Firemouth is generally too aggressive of a fish to be kept with rams. Makes for poor tank mates. Firemouths are Central American cichlids; not from South America. In general, the Central American cichlids tend to be quite a bit more aggressive then most SA cichlids. It's also sometimes tricky to introduce new cichlids, as the established fish views the new comers as a trespasser and a potential threat.
In a 55 gal. you'd probably be best to keep the rams instead of the firemouth and look for some other smaller SA cichlids such as angelfish, festivum or maybe keyhole cichlids or Gymnogeophagus species amongst many other possible choices.


----------



## Bd79 (Apr 11, 2011)

In my experience, Bolivian rams hang out near the bottom. I'd be worried about them being bullied.


----------



## Teacher5 (Feb 16, 2019)

Thanks for the replies. I disappeared because our daughter (who lives with us) went into labor 3 weeks early and delivered my first grandbaby on Sunday. 
Definitely think the Rams are getting bullied but I also don't think I can return the firemouth because I've had him about a month. I can still return the Rams.
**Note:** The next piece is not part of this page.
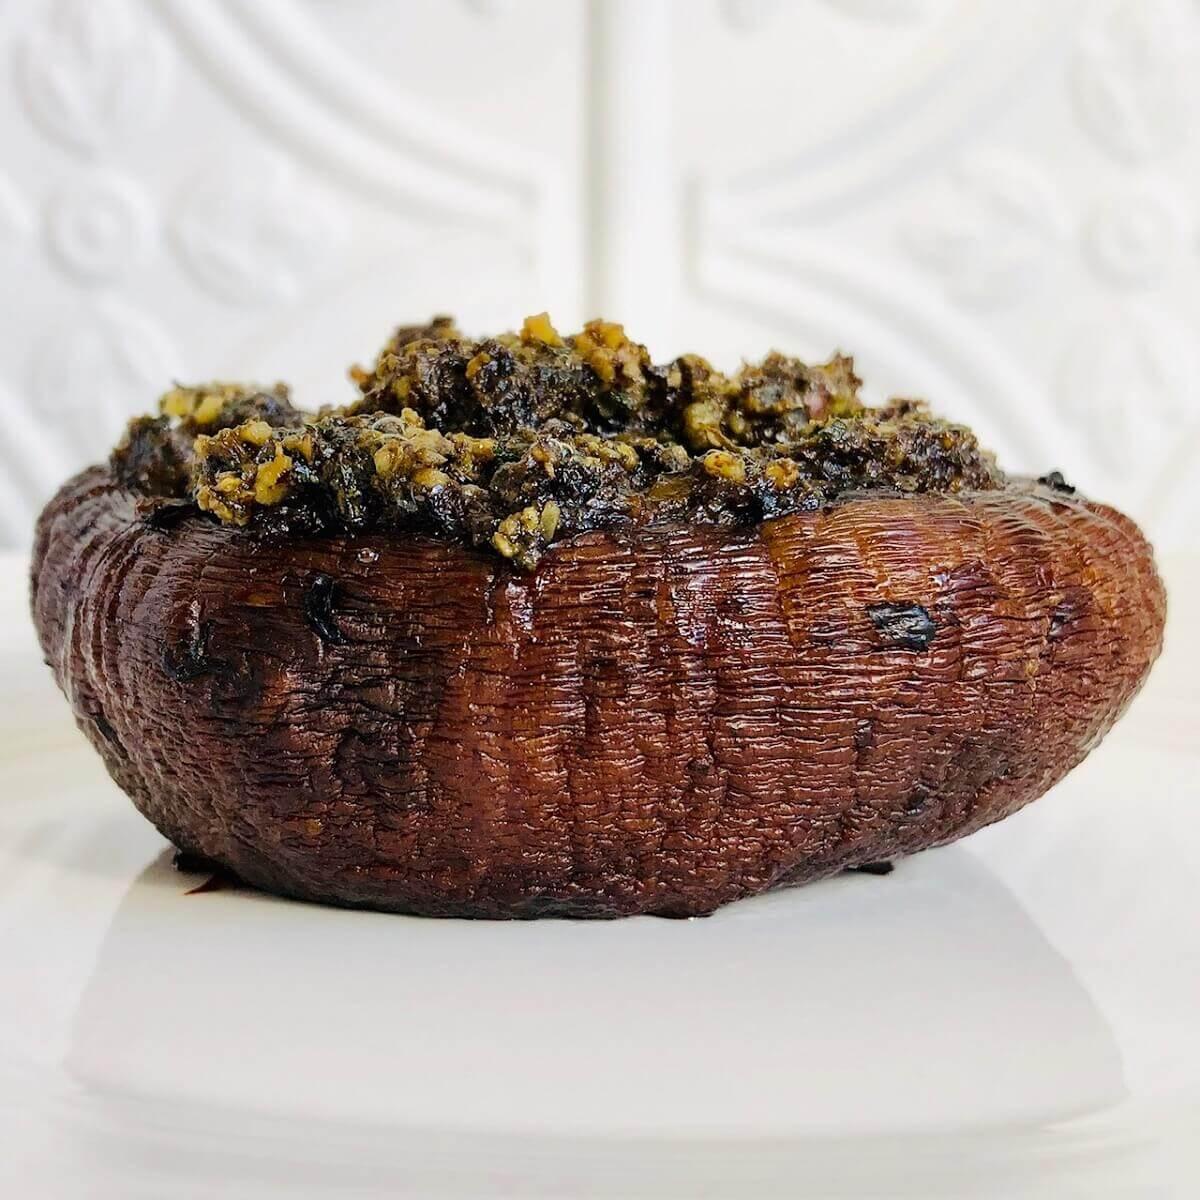 Vegan Stuffed Portobello Mushrooms A Sweet Alternative

Is there something else I can put with the firemouth? Another firemouth? What else is Central American? (At the store they had the firemouth labeled as south American)


----------



## Bd79 (Apr 11, 2011)

Maybe a pair of rainbow cichlids? Or some Amatitlania myrnae. Both are dwarf Central American cichlids. Where in Virginia are you? Both are available in northern Virginia.


----------



## Teacher5 (Feb 16, 2019)

Sadly, I'm in Williamsburg. The only places I can get fish without driving an hour and a half are petsmart and Petco. I have had good luck with our petsmart. Fish are healthy and staff is knowledgeable. They have blue Acaras. I saw another post where someone has 2 blue Acara and 2 firemouth in a 55g.?


----------